Whychus Creek is a tributary to the Deschutes, but it’s origins begin up in the Cascades south of town. The Creek tumbles from the 3 Sisters Wilderness area down to Sisters and often doesn’t fish well until mid summer when the snow melt run-off finally slows down. Around Whychus Creek Falls there is plenty of access to the stream and it’s eager fish. Most fish here are 4 to 9 inches but are all Wild Trout. As you get a little closer to town there is limited access due to homes and ranches but there is still some great water to fish. Much of the creek is diverted to irrigtion water about 3 miles south of Sisters. This is a blessing and a curse. Early in the season we can find fishable water below the diversion, but by mid-Summer it might be too low to fish.
Past town the Creek flows through the Land Trust property and other private areas and is mostly off limits. Once it gets down to the Crooked River National Grasslands area you’ll find trails from the Alder Springs area back to the Creek. This is rough country for hiking and we recommend not trying this alone! Fom Alder Springs to the confluence with the Deschutes is a nice piece of water with some good trout. Regulations show the stream is open between the last weekend in May to October 31st, which is the same time we recommend to concentrate on this creek.
Tumalo Creek is another tributary to the Deschutes. It is just one drainige East of the Whychus drainage. Tumalo Creek is a neat little Fishery in the Summer months through the Fall.
Over the Winter, it is blanketed by deep snow and during the Spring is usually too swollen to really fish well. From Bend, the drive up to the Tumalo Falls takes you up Skyliner road. Skyliner area is now a place with a few homes and an OMSI camp, but at one time was the local Ski hill before Mt Bachelor was developed. Once you reach the end of the pavement and cross the bridge to the gravel road that takes you to the Falls you have reached the good fishing water. Anywhere from the Bridge upstream to the falls is good water.
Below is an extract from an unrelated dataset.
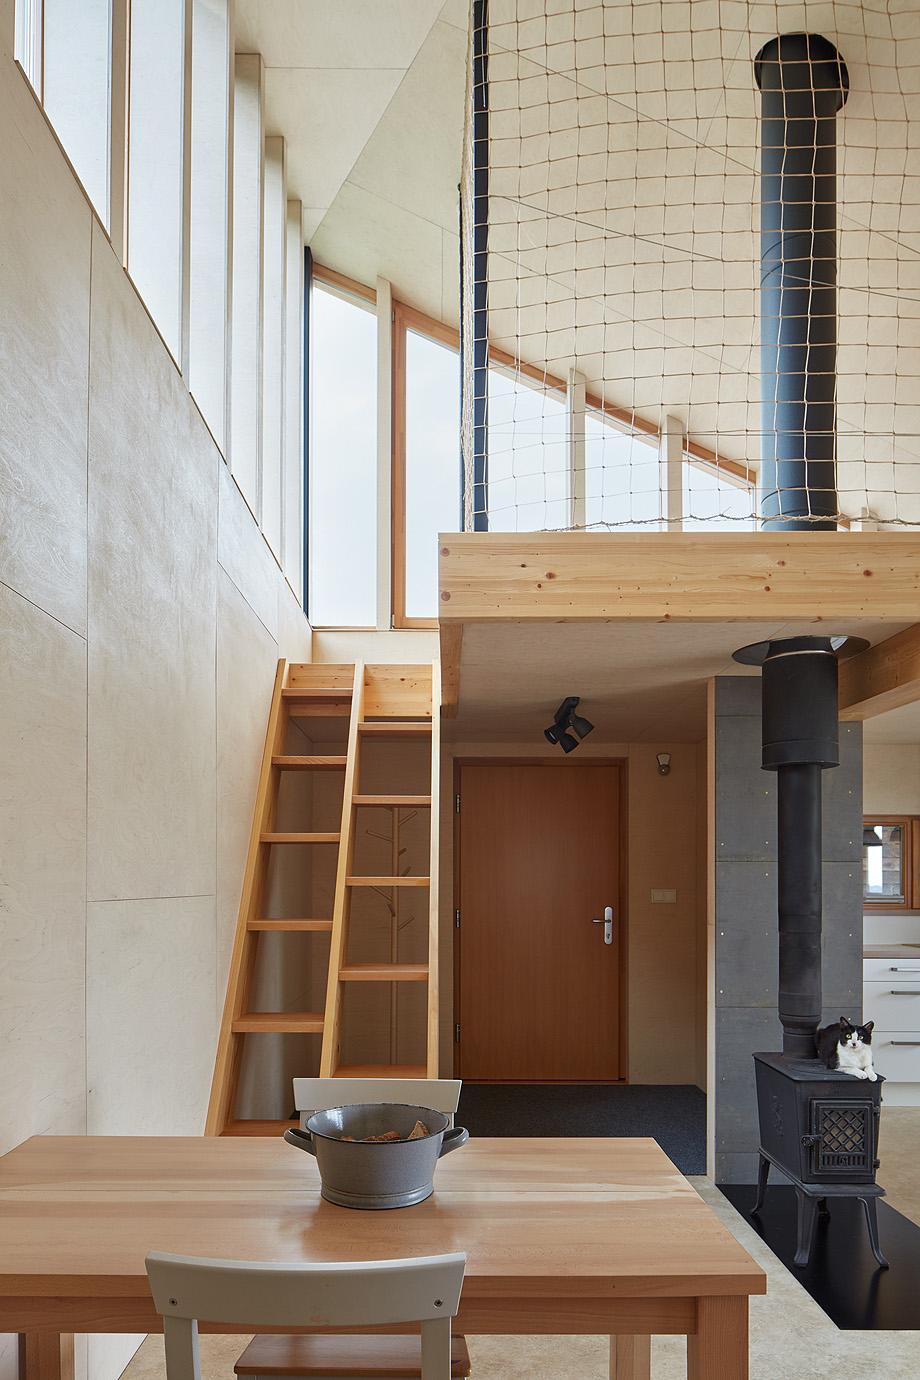 casa chestnut de valarch studio - foto boysplaynice (6)

We find mostly small fish here but usually eager to take a nice high floating dry fly.
Another place to fish Tumalo Creek is through the Shevlin Park area. There are many good access points through the park, and if you are willing to hike up or down from the park you’ll find some very lightly fished water. I can remember fishing upstream from the park on the 4th of July one year and having to make careful casts to some very “spooky” trout. It was a blast! In that clear water you could see everything. Without 7x tippet and some nicely tied black ants I’d have left without success. That was a low water year and every year is a little different. I’ve also had times on the creek where a good cast to a likely looking holding spot would raise fish 100% of the time.
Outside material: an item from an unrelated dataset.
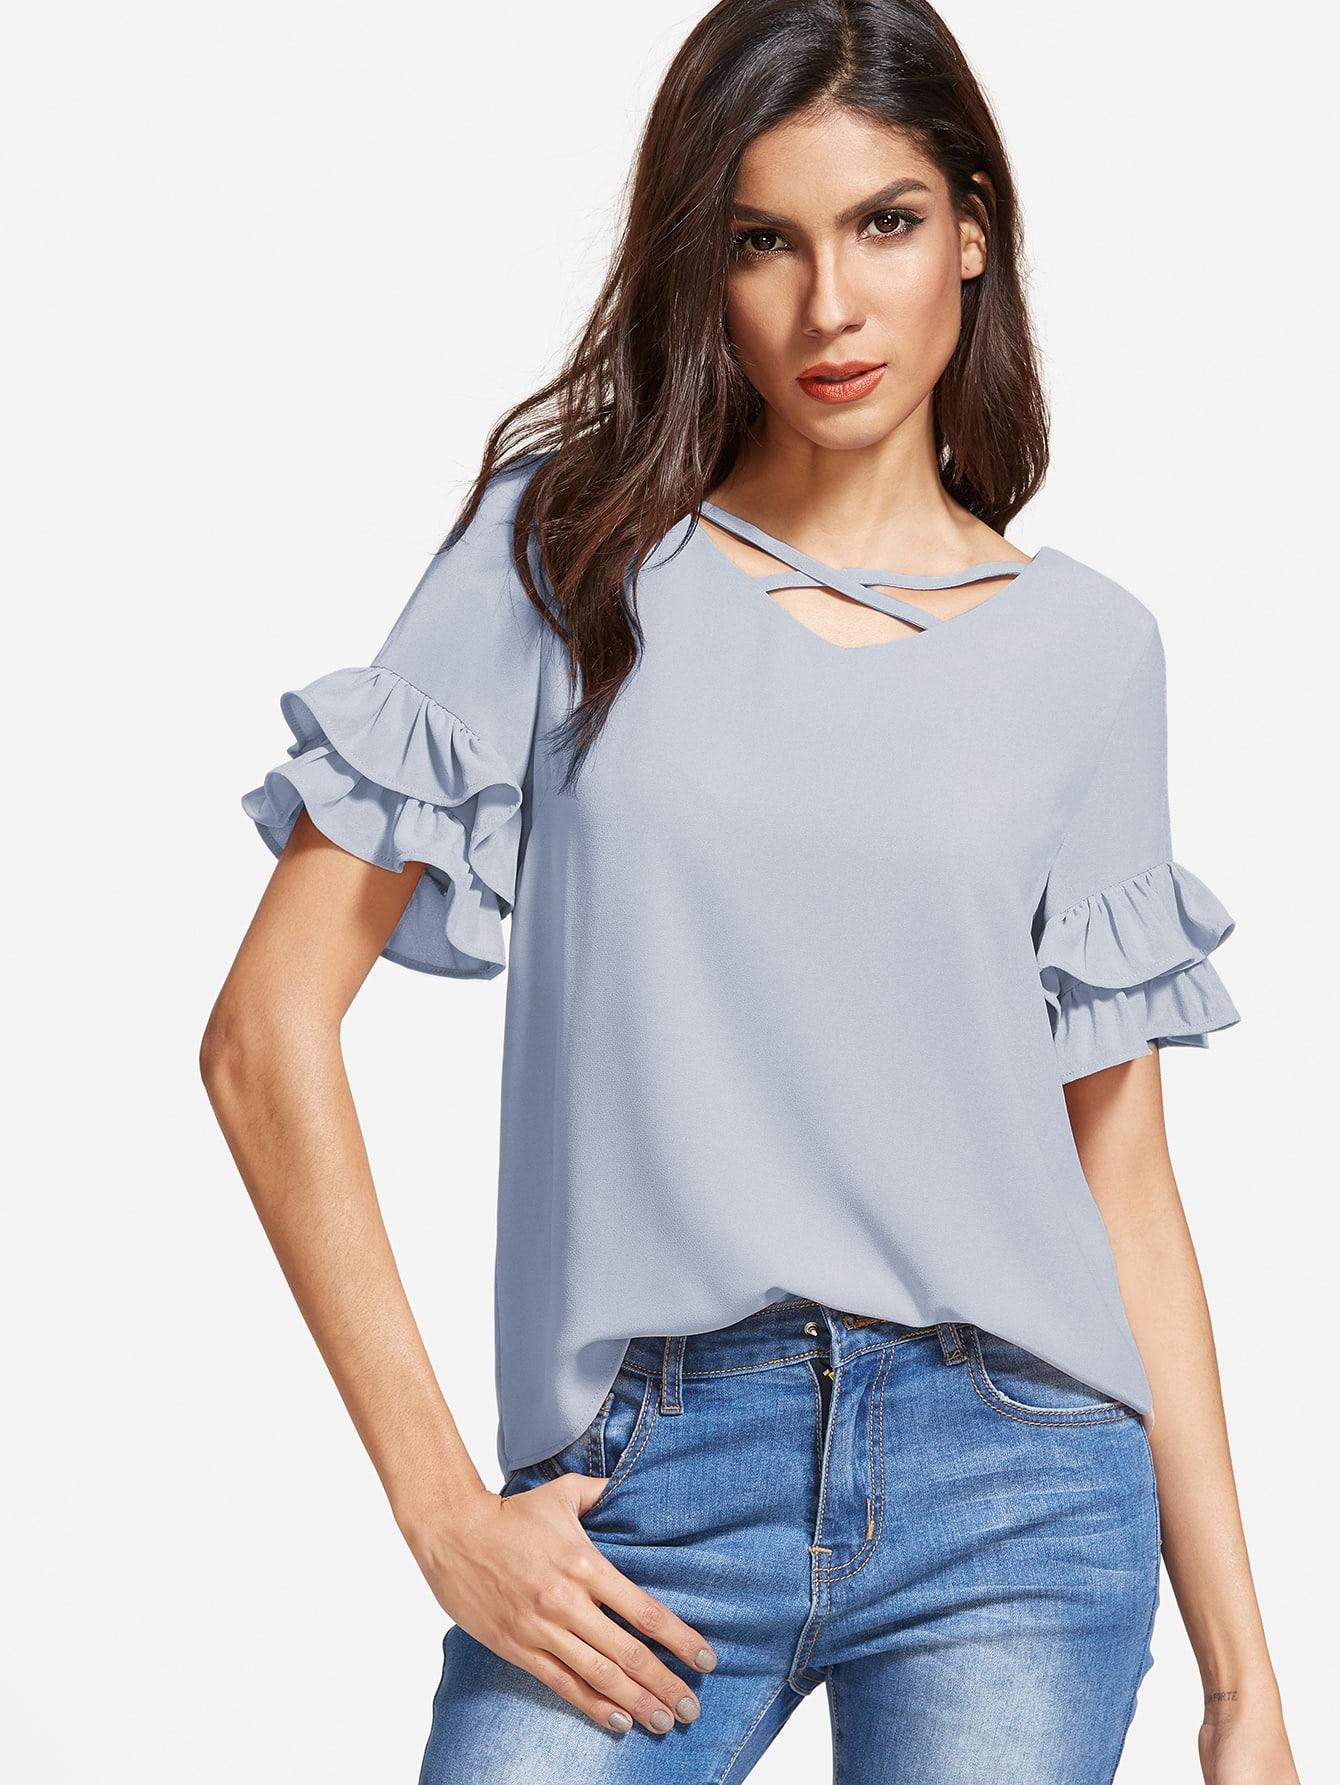 blouse170321459_2

The Blitzen is a ways away from the Sisters Country (about 4 1/2 hours) but is one of our favorite small streams in the state. In the Spring fishing leech patterns down through the Malheur Preserve is a great way to start the season. By Summer and into the Fall, the areas around Paige Springs Campground and Blitzen Crossing offer awesome fishing with Hoppers, Renegades, Royal Wulff’s, Parachute Adams, Stimulators and small Bead Heads like Pheasant Tails, Prince, Bat Man, Copper John and others.
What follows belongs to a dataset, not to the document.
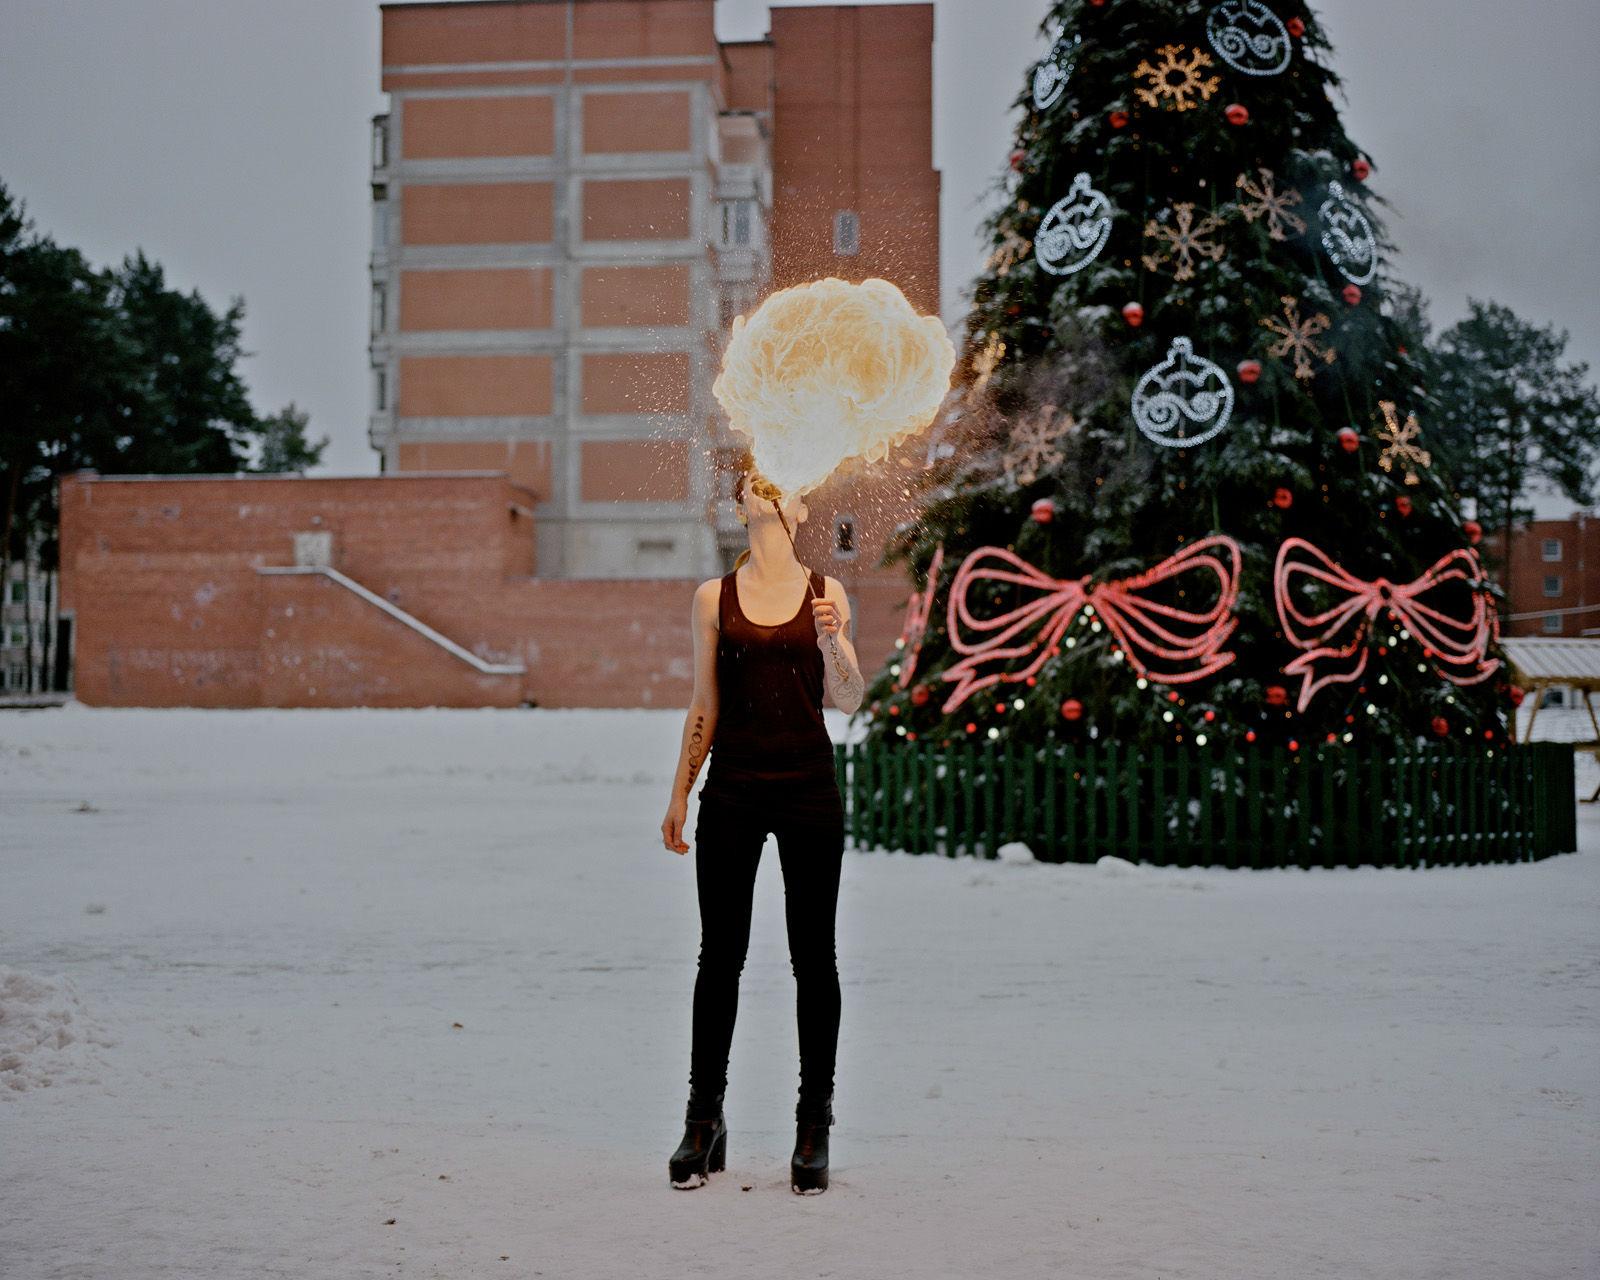 Visaginas_the-suspended_power_Evelyn_Amberthy_Film_Aija_Bley.jpg

The Upper McKenzie is a gem of a small stream and is one of our hot guiding spots in the Summer. Good access for small water is upstream of McKenzie Bridge. From here you’ll find campgrounds, parks, side roads and trails that lead to good spots. Be careful with the currents here, this is a fast moving stream and going with a guide is recommended. The Upper McKenzie is perfect for a Dry-Dropper rig. This is a great caddis stream but we see plenty of #12 Yellow Mayflies (epeorus) all summer and even some Drakes. Attractor dries are great on the McKenzie.
The South Fork of the McKenzie is another good bet for a small stream angler. About 1 hour West of Sisters this stream is best fished in the area below Cougar Reservoir.
Horse Creek is a tributary to the McKenzie that offers fair to good dry fishing when conditions are good in the summer.
Upper North Fork of The Santiam
The Upper North Fork of the Santiam is a neat little stream we fish. From the upper reaches down to Whitewater Creek this stream has a good mix of Wild Rainbow and West Slope Cutthroat and is stocked with Rainbow trout on a regular basis from the Marion Forks hatchery. Fishing a bright little bead head nymph in the runs is an excellent way to catch fish here. Often an attractor dry will produce well too. Can’t decide? Try both…run the nymph behind the attractor as a tandem rig. In the evening you usually get decent hatches of caddis and mayflies and right before dark can offer fun fishing with a Rusty Spinner on the flats.